Lina took a moment to look that lean, powerful body up and down. (Nobody could blame her for taking her time with that, could they? Not every day a woman got a chance to eye a body like that so slowly and then pretend she was dismissive of it. All those thoughts that didn’t want to behave bumped against the lid of that box she was trying to keep them in.) “…Right.”

That tiny, secret curl of his lips again, like he would just never let her in on the damn joke. “Patient,” he said. “Thorough.”

Okay, her mind just went somewhere dimly lit and horizontal where he could be patient and thorough as he…

She scrubbed her face and frowned at the black globe of sugar. “I’ll make you another one. Don’t act desperate.”

Hazel eyes held hers a moment, faintly narrowing. “…Desperate?”

“You can’t be that hungry,” she clarified.

“I’m guessing you don’t know much about hunger.”

For some blasted reason, that did a whole tumult of things to her middle, as if a slumbering volcano had just rolled over in her belly and thought about waking up.

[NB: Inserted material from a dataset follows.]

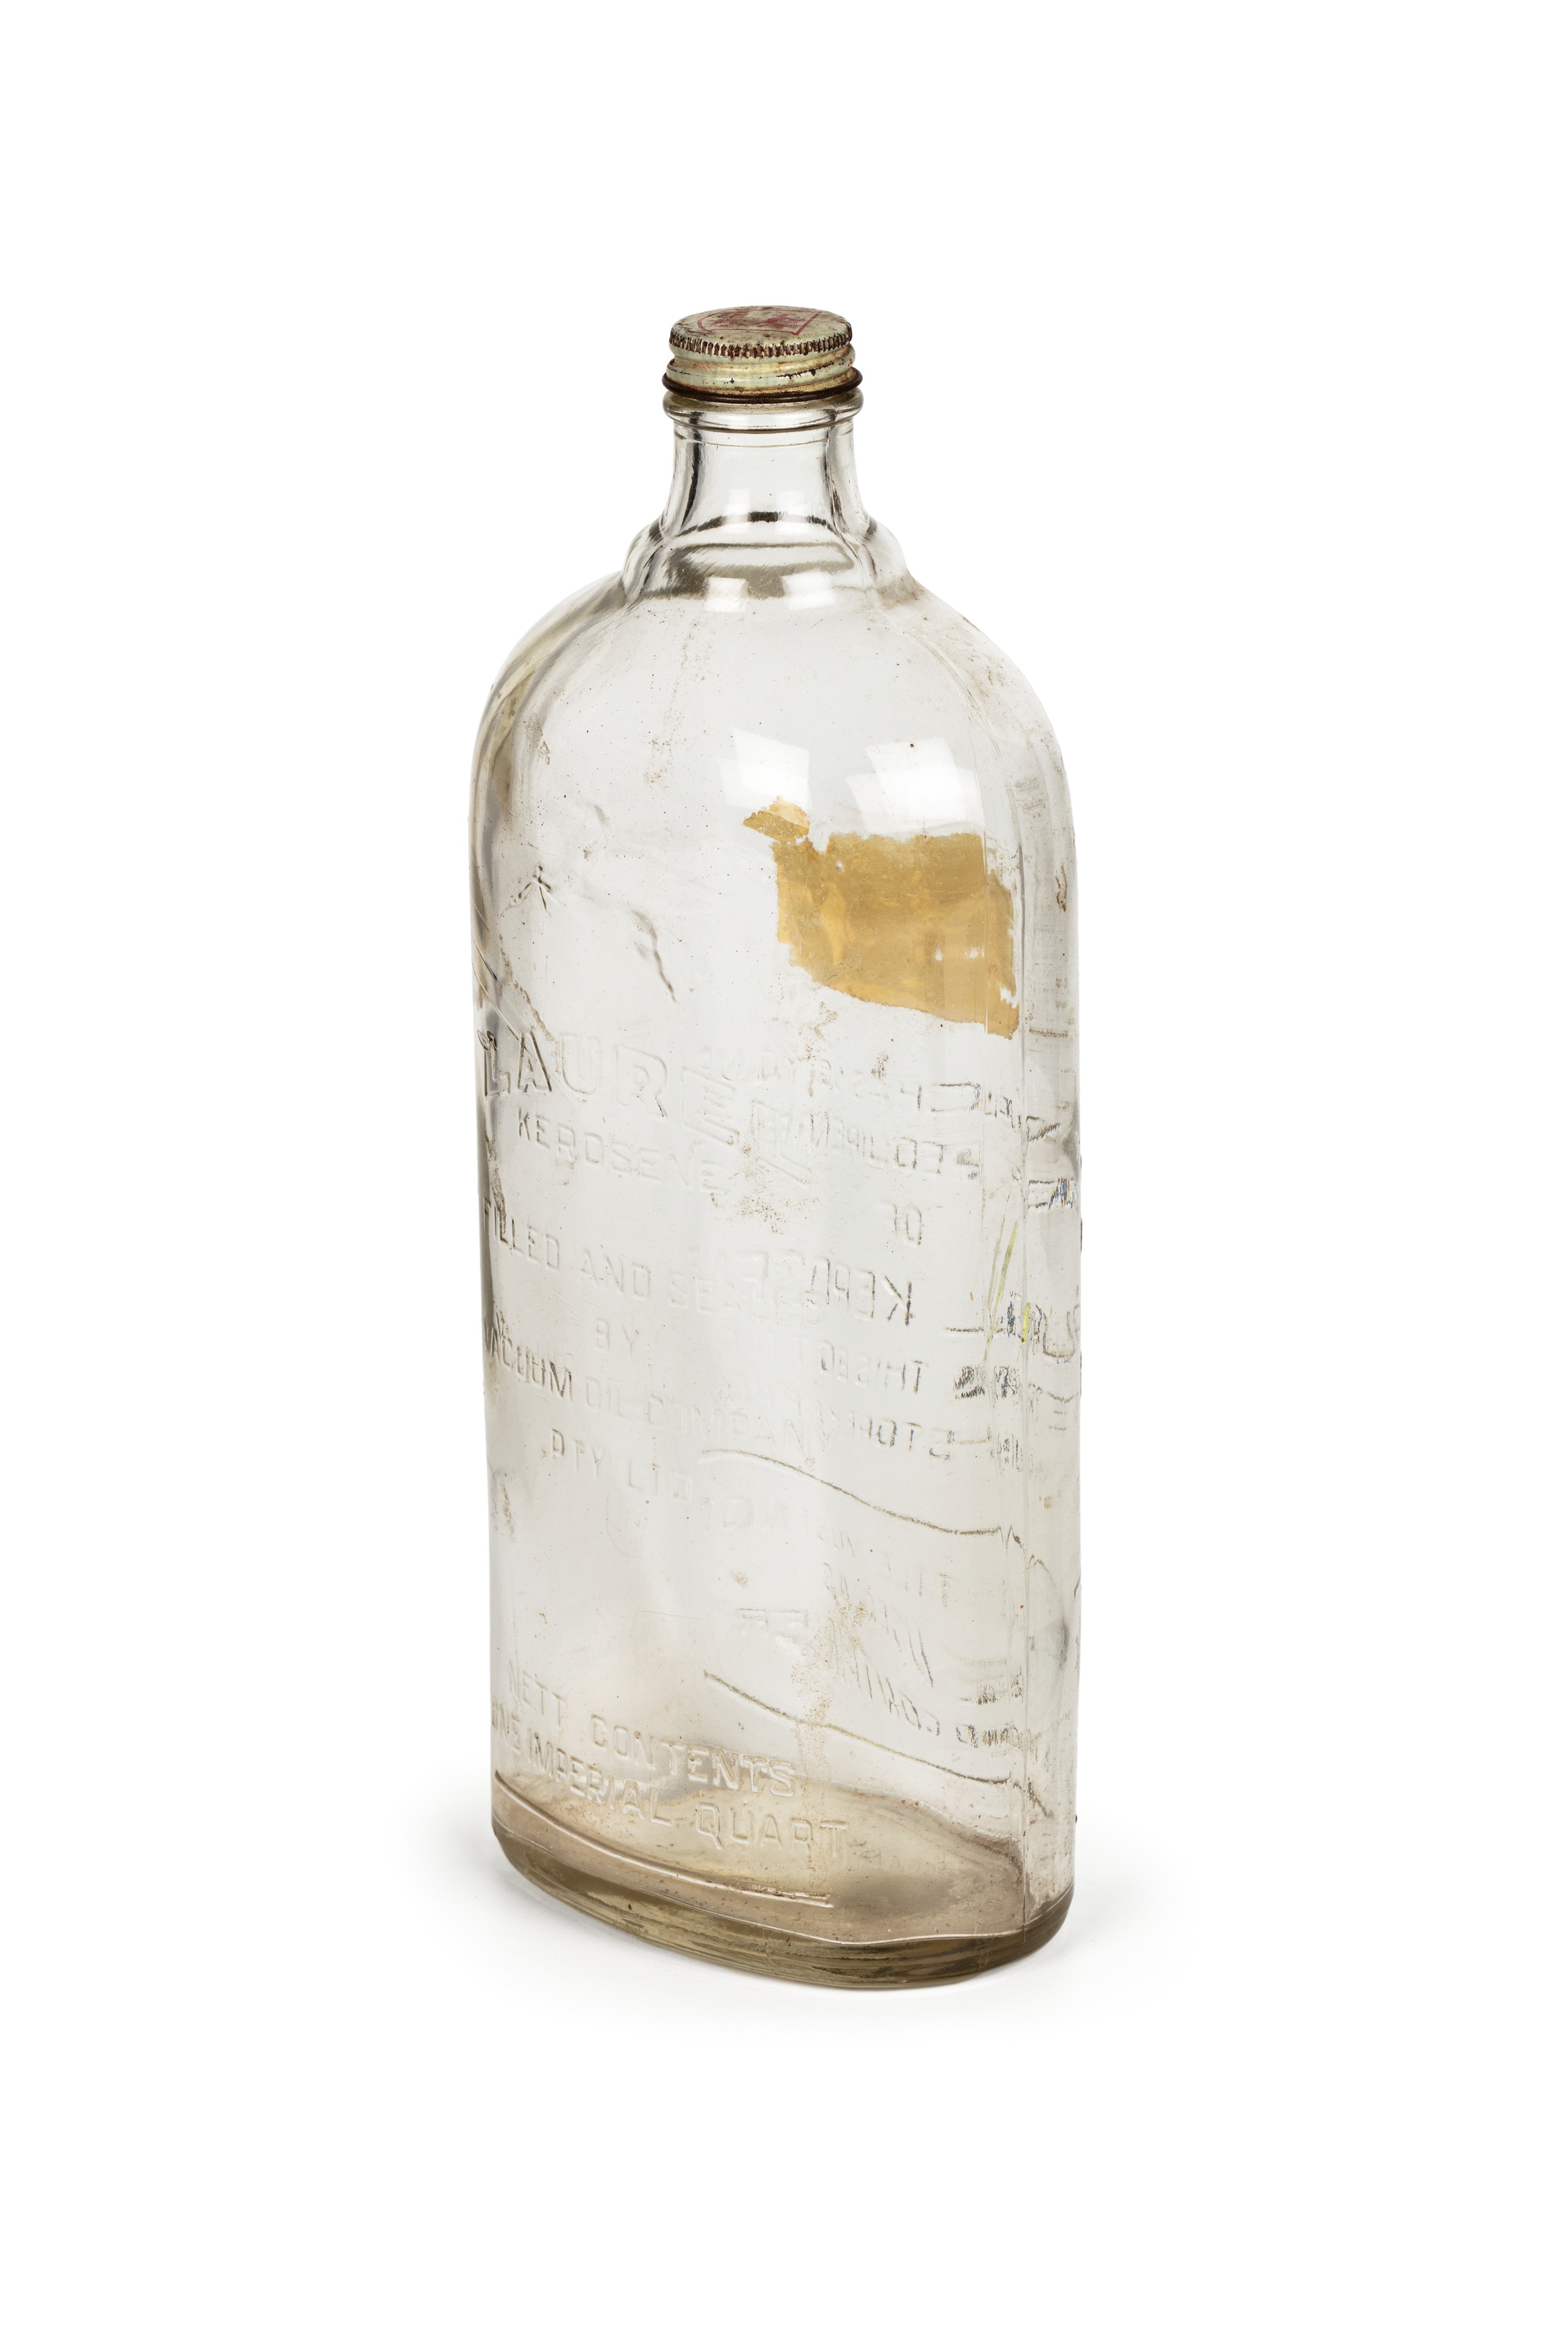 Bottle of 'Laurel Kerosene' by Vacuum Oil Company Pty Ltd

Jake picked up the spoon she’d used a bit earlier and eyed the blackened sugar globe as if planning his attack on it.

She grabbed his hand and pressed it down to the counter. “Will you wait one minute! I’ll make you a good one.”

His gaze dropped to her pale gold hand on his darker, freckled one, hazel eyes hidden by stubby, sandy lashes. His hand was large and warm under hers. Her callused, capable hand looked suddenly absurdly small.

She pulled it back so it could go back to looking its capable, strong self again.

He flexed his hand carefully. “I could eat both. There’s no point this one going to waste.”

“Shh,” she said, and his lips curled again.

She had made a dozen sugar globes for experimental purposes, because she was trying to be normal again. Just be herself. Even if “Lina Farah” felt like an alien, someone she couldn’t recognize in her own mother’s photos of her, she could at least try. Follow the recipe of who she was. Make desserts and pretend she could make her world secure again.